Your resource needs some metadata, take a look at the example:
https://github.com/argoproj/argo-workflows/blob/master/examples/k8s-resource-log-selector.yaml
@ajkaanbal This is for pulling the logs from the pods created by the spark CRD (spark-driver, spark-executor)
In the Argo UI I see these logs:
I want to be able to archive those logs.
@Freia3 Current Resource template will not support archiving the log. Do you like to work on this enhancement?
@sarabala1979 Ok, thanks for the information, couldn't find this in the docs. No, I can't work on this enhancement.

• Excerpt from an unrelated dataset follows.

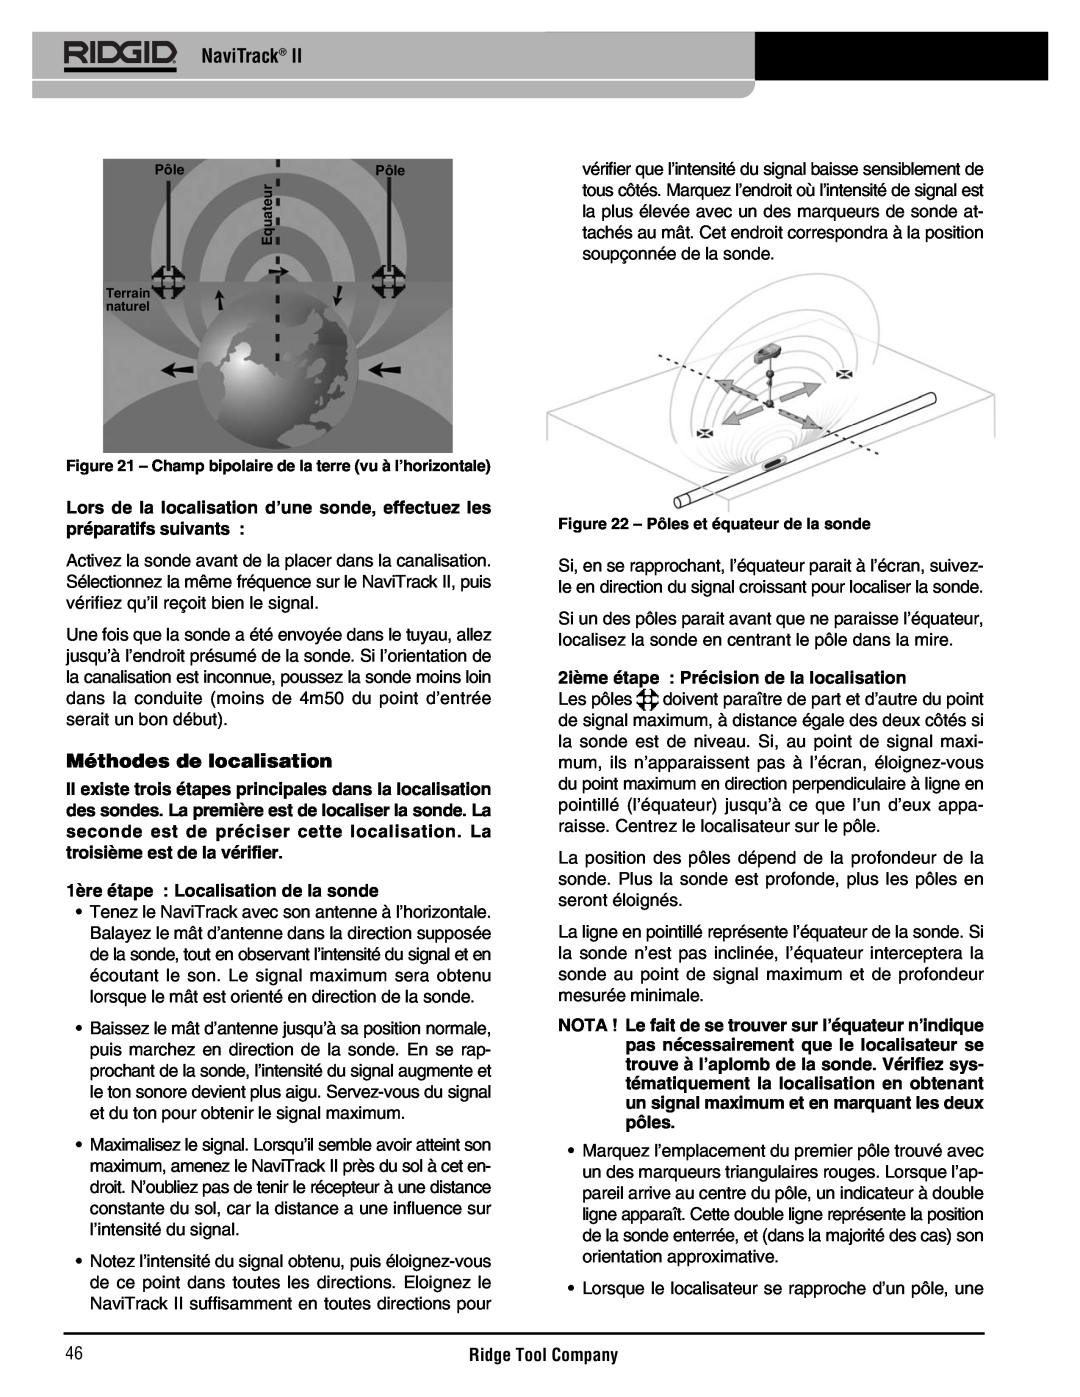 RIDGID Metal Detector manual Méthodes de localisation, 1ère étape Localisation de la sonde, NaviTrack

@sarabala1979 Hello I wish to contribute on this one, It is relevant for my team and I believe that the fix is straightforward.
From what Ive seen there are to ways to solve it,
- Make the
argoexec resource
store the logs as artifact usingexecutor.WorkflowExecutor.SaveLogs
- I still need to check if it will be able to store its own container logs while still running - Initiate wait container for resource pods which by design stores logs of the main container here - I worry about redundant error reporting but I think it is safe
tbh I think 2 is a better option, wdyt?
I'm probably in agreement about 2 being the right way to do it. @sarabala1979, can you pitch in?
Hey @sarabala1979 do you want me to create pull request?